The knife is about 225mm x 58mm. I didnt get all of the exact measurements but the spine roughly goes from 3.5mm tapered down to smaller than I can read on my gauge. 
It is stainless clad Vtoku2 hardened to about 64hrc. So far the edge retention has been great but I havent done enough for actual testing yet.
The fit and finish of this knife is outstanding. Literally every thing is perfect, even things like the exposed core steel at the spine that is etched and perfectly centered. Every thing is rounded and polished far more than it actually needs to be. The geometry is fantastic, it has a nice long "flat" spot but there is a very gentle curve to the entire blade so there is no hard stop when push cutting. 
The edge flexes under my nail and cuts like SKD Yoshikane I had. Unlike the Yoshi though, this has really good food release due to convexity behind the edge. 
Its almost as good of a pure cutter as my Horn but has better food release. 
What really amazes me is that Skye is really young and yet has an understanding of geometry like this. Attached are some close up detail pictures. There is more in my Instagram is anyone wants to see and will post a full review on Youtube in the near future. 
Bottom line this knife is amazing, for what I paid I am blown away. I know he is sending some knives to Modern Cooking as we speak and I would say jump on it now because his price will more than likely sky rocket as he gets more popular.


----------



## bsfsu (May 24, 2022)

Matt Jacobs said:


> Just a quick 2 week set of notes before an actual review. I want to make sure I get some sharpening / edge retention thoughs after more testing.
> Quick back story, I saw Skye on Instagram and Youtube in early 2021 and was impressed with his design and work. I asked him to get me on his books for 2022 and started working on a design.
> I had a drawing I made that I sent him to base his design off of. Basically I wanted a dark etched stainless san-mai. We came up with and heirloom fit Huon Pine, copper, and Tasmanian Blackwood handle.
> The knife is about 225mm x 58mm. I didnt get all of the exact measurements but the spine roughly goes from 3.5mm tapered down to smaller than I can read on my gauge.
> ...


He's also organizing the Auckland Blade Show, I think it might be the biggest knife show in New Zealand. I think he's really trying to help promote the custom makers of NZ. And he's really young!


----------



## Matt Jacobs (May 24, 2022)

bsfsu said:


> He's also organizing the Auckland Blade Show, I think it might be the biggest knife show in New Zealand. I think he's really trying to help promote the custom makers of NZ. And he's really young!

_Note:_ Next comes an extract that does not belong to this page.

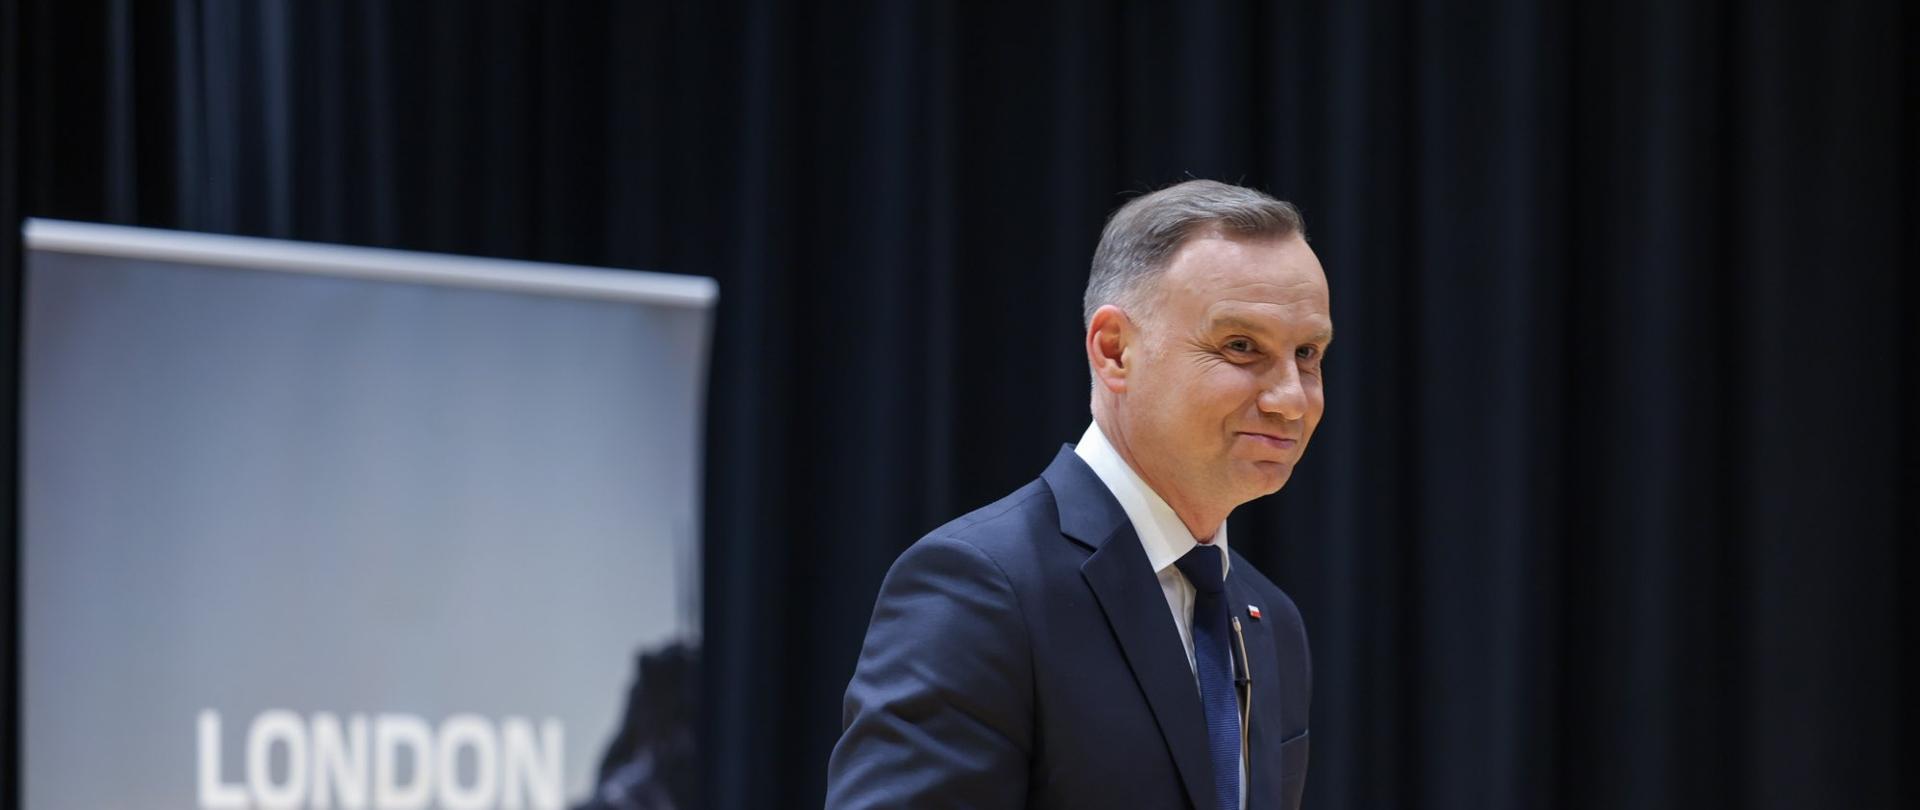 President Andrzej Duda at the London Defence Conference
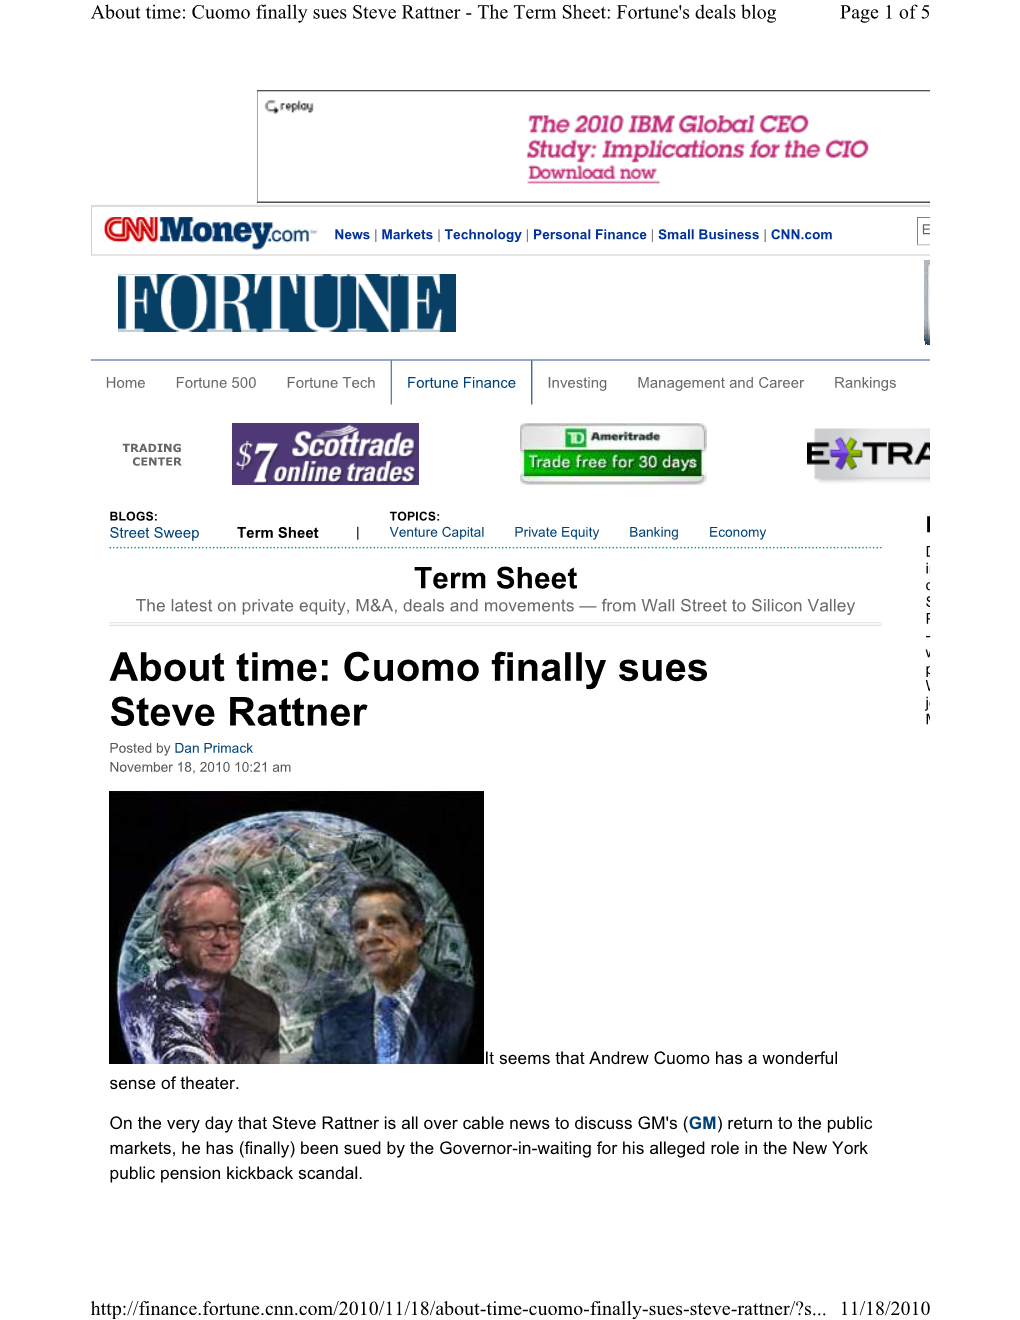 About Time: Cuomo Finally Sues Steve Rattner - the Term Sheet: Fortune's Deals Blog Page 1 of 5

I think that added a good month to me getting my knife  Honestly he's a really great guy and I had a ton of fun going back and forth on this build. He shared pics/progress all along the way and has commented on a bunch of my Instagram posts. I would recommend him to anybody.


----------



## timebard (May 27, 2022)

Nice writeup and knife. The cladding line reminds me of the TX gyuto I had a while back, and it looks like my kind of profile!

The recessed spacers are an unusual choice though. I assume this is what you were after but I would think it'd be irritating in use. Not so?


----------



## Matt Jacobs (May 27, 2022)

timebard said:


> Nice writeup and knife. The cladding line reminds me of the TX gyuto I had a while back, and it looks like my kind of profile!
> 
> The recessed spacers are an unusual choice though. I assume this is what you were after but I would think it'd be irritating in use. Not so?


Thank you. The handle is what I was going for. Every thing is really smooth and in use I don't notice it at all. It could feel strange in a racket grip but I use a pinch grip so it's not noticable.


----------



## Delat (May 27, 2022)

Thanks for the write up. I’ve been waiting to snag one on Modern Cooking for ages. You were lucky getting in while his books were still open.


----------



## blokey (Jun 3, 2022)

His western handled ones are so attractive, definitely grabbing one when he opens up book again.


----------